How committed the plaintiff is to the case
A cash advance for settlement makes the lawsuit process easier for the plaintiff. As mentioned earlier, lawsuits can be frustrating because of how long it takes to conclude one.
With fewer financial concerns, plaintiffs can wait until after the pretrial has developed. Lawsuit loans can help you stay committed to the case for longer periods. During this time, the funding company will be able to assess the full potential of your case.
Your lawyer’s level of experience
If your lawyer doesn’t agree or comply, the funding company often won’t join an arrangement. Most lawsuit lenders want to work with lawyers who have a track record of successful personal injury claims. It also helps if your lawyer knows how pre settlement funding works and how you can benefit from it.
In fact, many seasoned personal injury attorneys accept advances on their contingency fees.
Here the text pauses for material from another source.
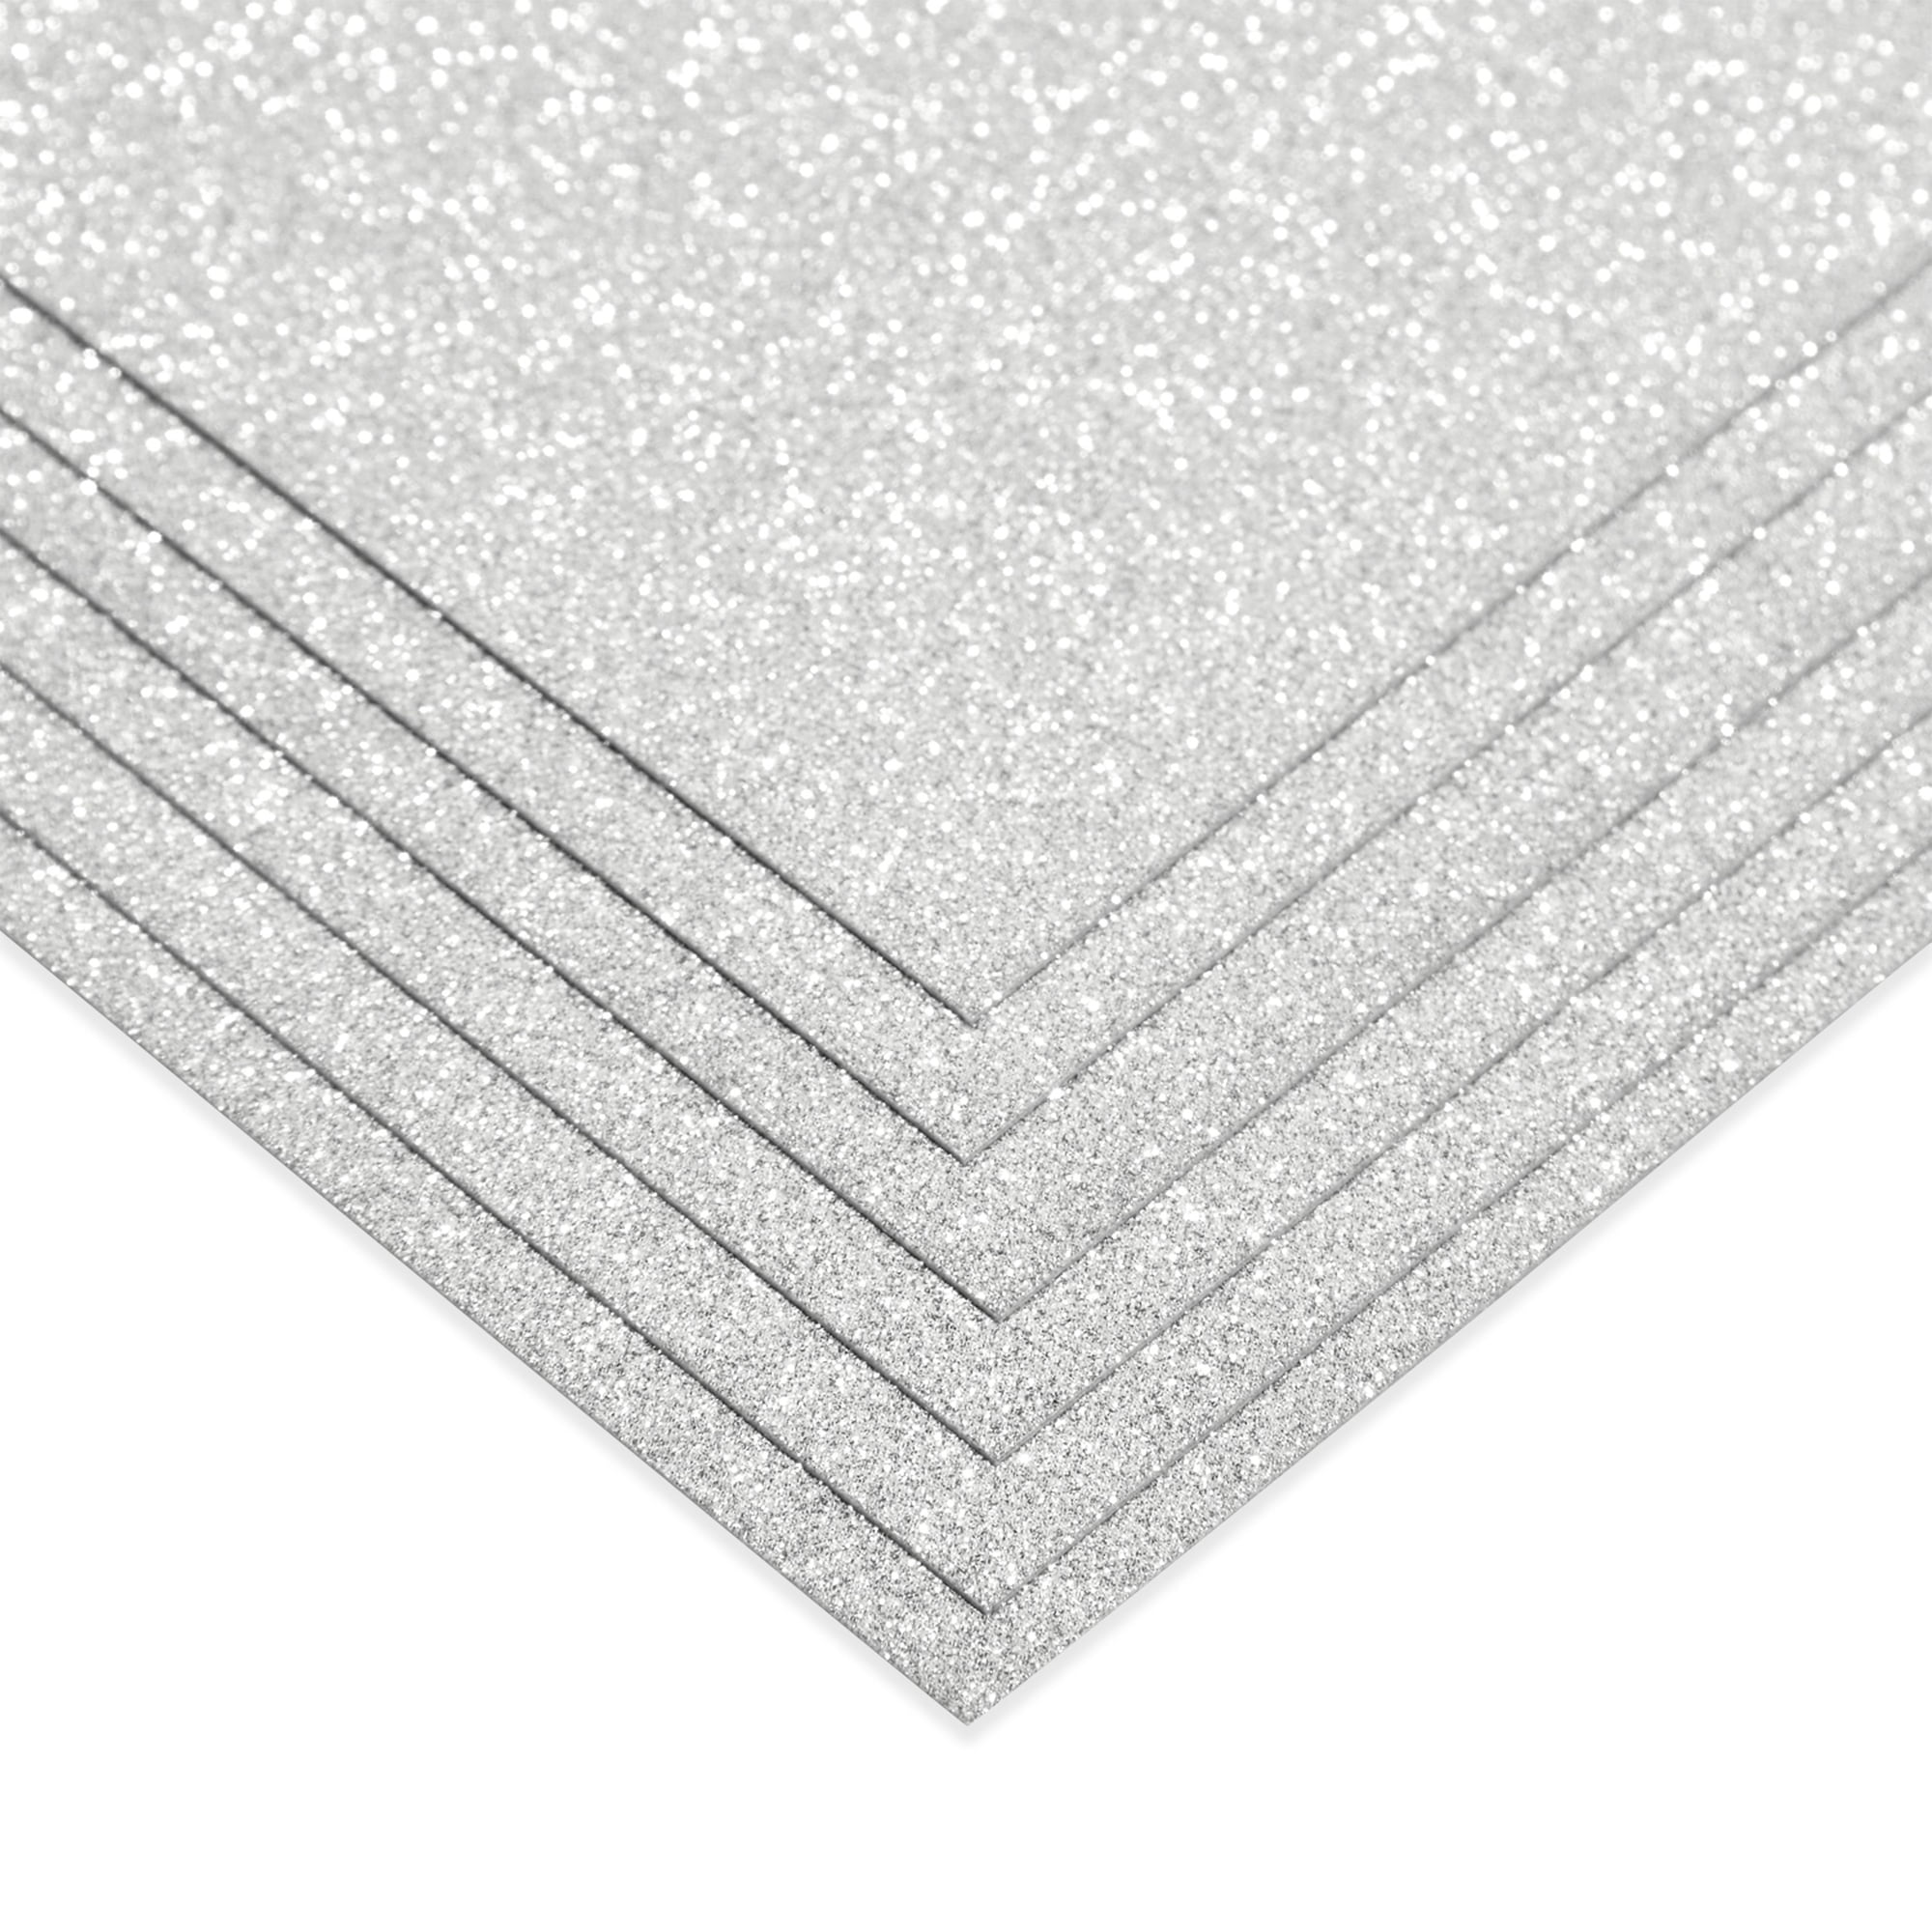 Bright Creations 24 Sheets White Glitter Cardstock Paper for Scrapbooking, Arts, DIY Sparkle Crafts, 280GSM, 8.5 x 11 in

This way, they can manage their companies and cover legal fees as they, too, wait for a settlement.
How Much Money Can You Get From a Typical Pre Settlement Funding Company?
Damages and the insurance coverage of the party at fault are the two factors that determine the value of your case. And this increases with the policy limits. A lawsuit loan agency will use the severity of the injury and the policy restrictions to know how much they will give you.
There is no minimum or maximum amount of cash advance you will receive. But, funding agencies often give up to 10-15% of the case’s estimated worth. Simply put, if they learn that a case is worth $50,000, they will offer you an advance of about $5,000.
Where Can You Use the Money You Got From Pre Settlement Funding?
Unlike other lenders, lawsuit loan companies are not strict about how you use your funds. You can use the money you get to pay for any expense, including:
- Health-related expenses
- Cost of living expenses
- School-related expenses
- Repairing or replacing vehicles
- Repairing damage to property
- Paying rent or a mortgage
You own the money you get from pre settlement funding. You’re just getting the settlement you’re negotiating in advance. You are free to use your funds in any way you see fit, whether it’s to pay off debts or cover injury-related expenses.
Is Pre Settlement Funding Right for You?
As stated before, pre settlement funding is not for everyone. You can consider getting one if:
- You acquired injuries because of someone else’s negligence
- You need help with paying bills
- You don’t have any other financing options left
- You’ll most likely get a large settlement
But, you need to know that not all states have laws about pre settlement funding. It differs from where you are, and it can be challenging to find a reliable lender. If you can manage the risks and meet the requirements, this type of financing is a great option to think about.